→ Given data
━━━
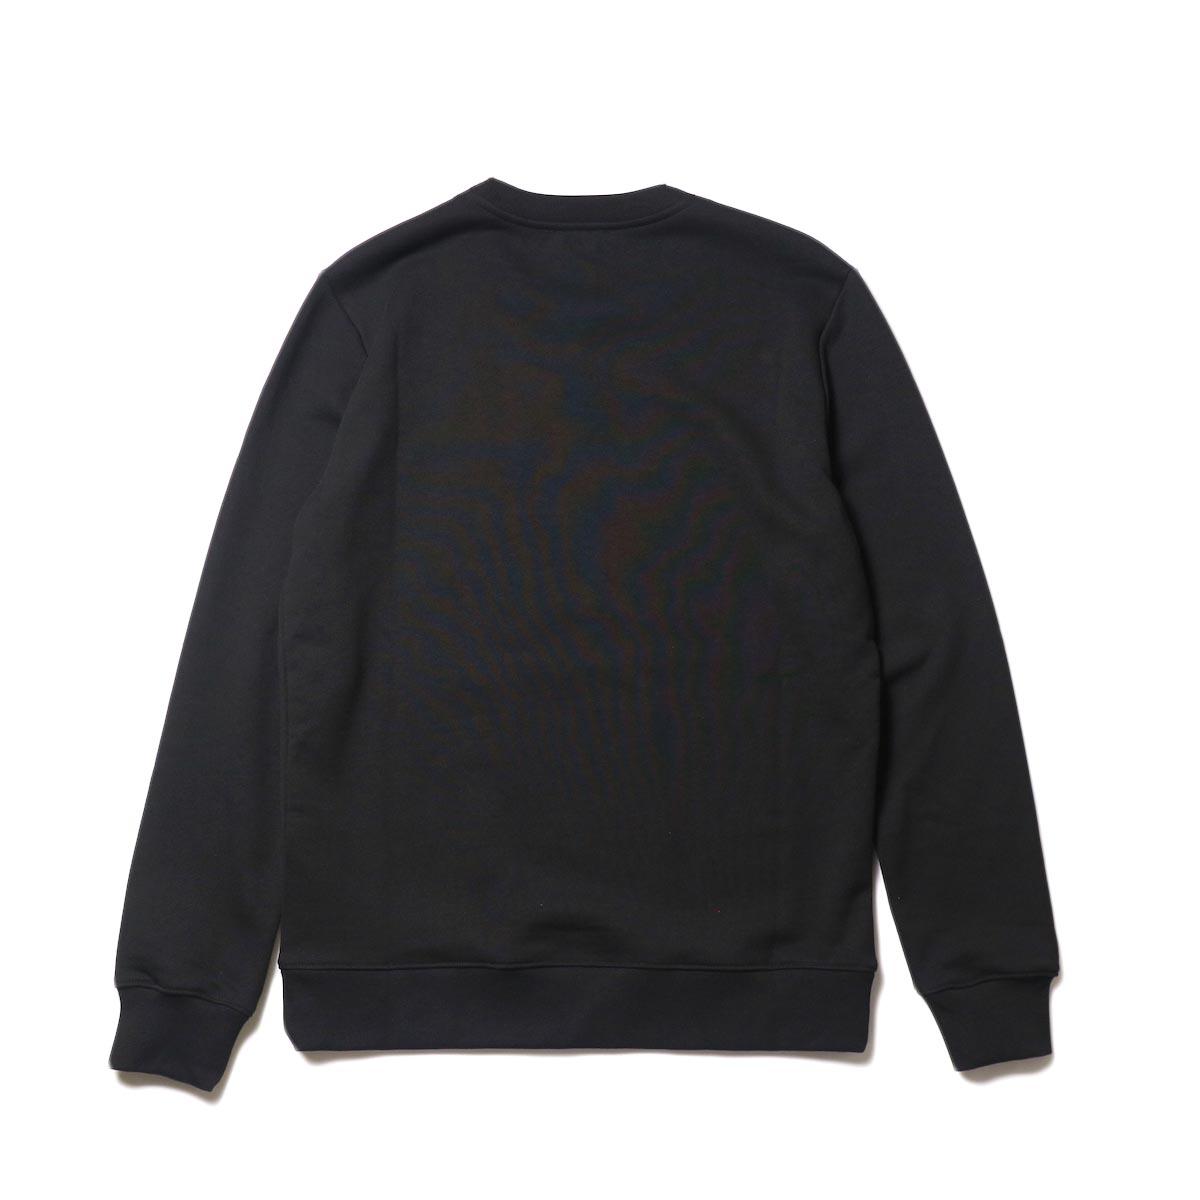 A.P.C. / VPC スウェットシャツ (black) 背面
━━━
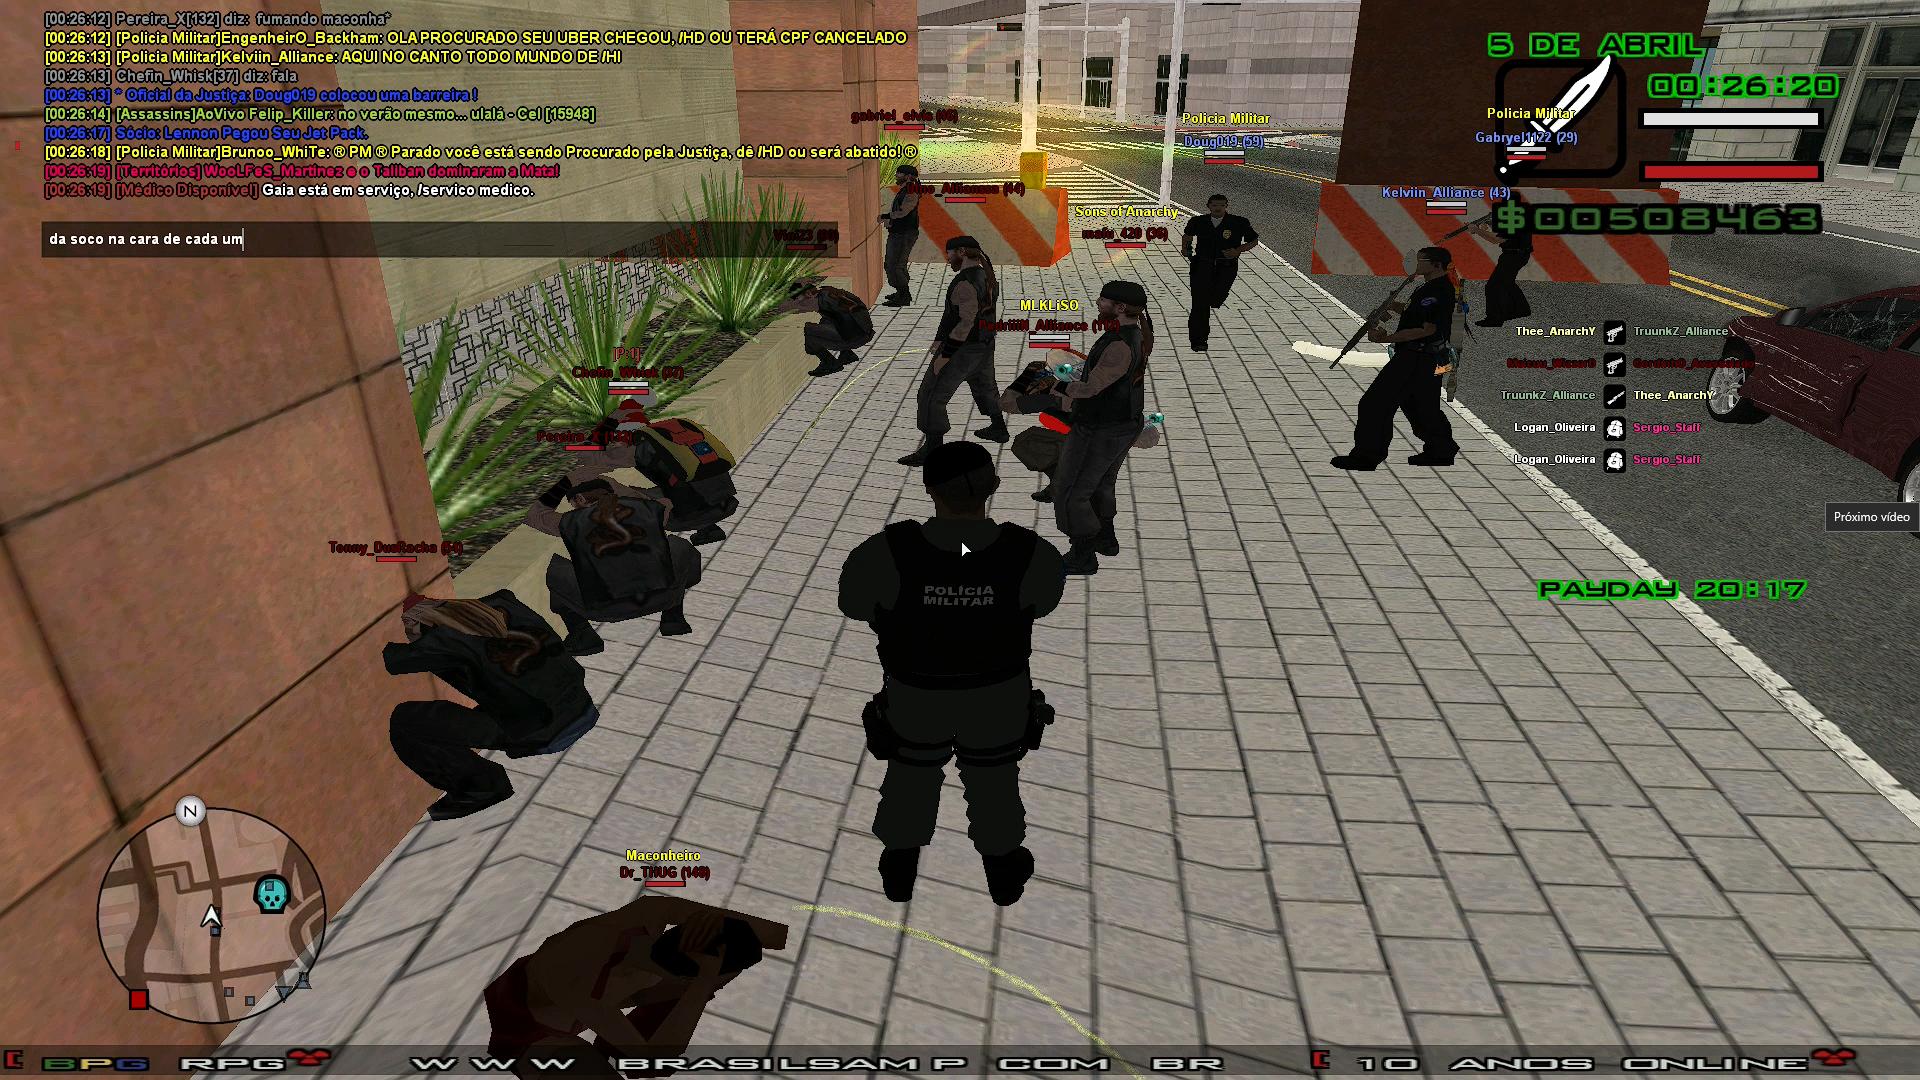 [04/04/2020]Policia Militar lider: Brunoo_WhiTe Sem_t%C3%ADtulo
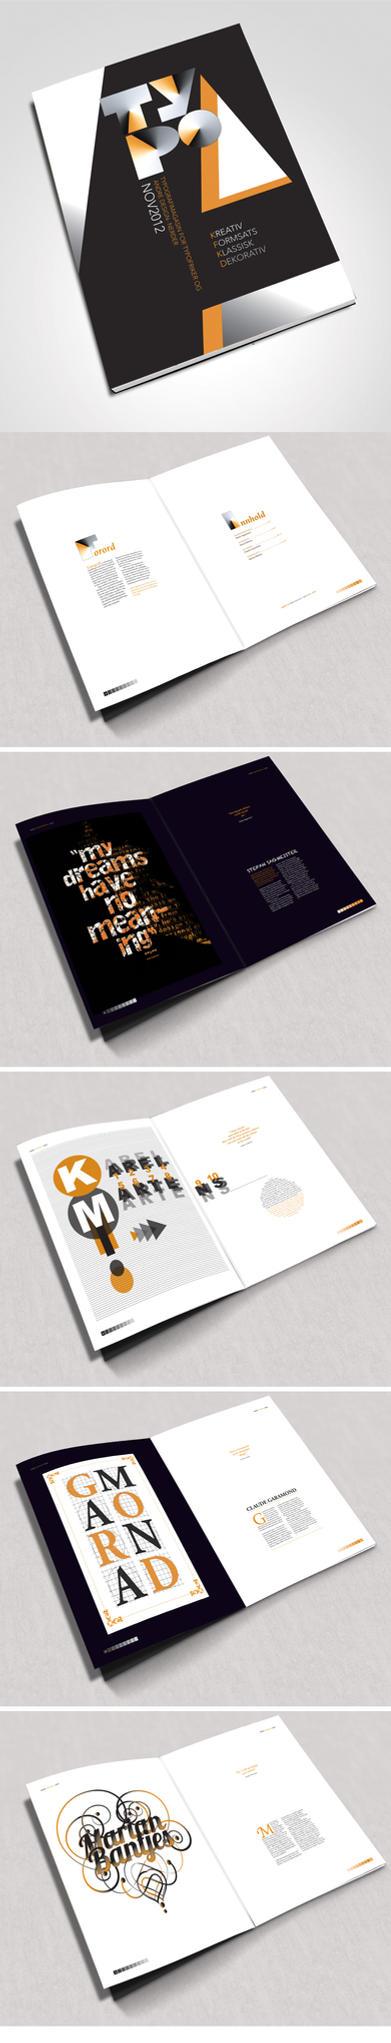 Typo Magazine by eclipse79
━━━
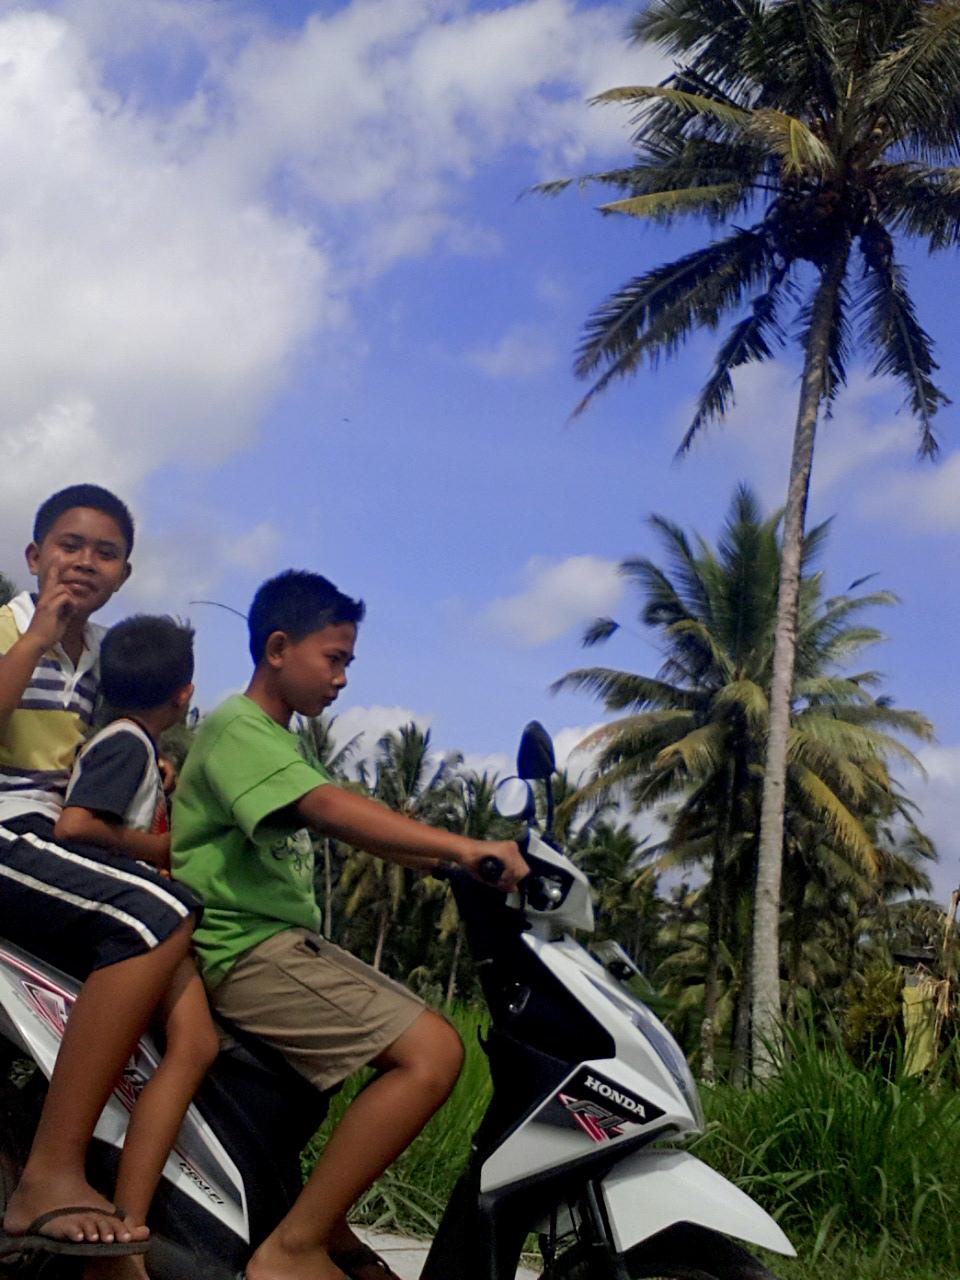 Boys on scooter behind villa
━━━
→ Aim of the task
Only one stretch of the listing is wanted: the lines starting at the one with "[04/04/2020]Policia Militar lider: Brunoo_WhiTe" and ending at the one with "Typo Magazine by eclipse79", copied exactly and free of pictures.

→ Answer to this task
 [04/04/2020]Policia Militar lider: Brunoo_WhiTe Sem_t%C3%ADtulo
 Typo Magazine by eclipse79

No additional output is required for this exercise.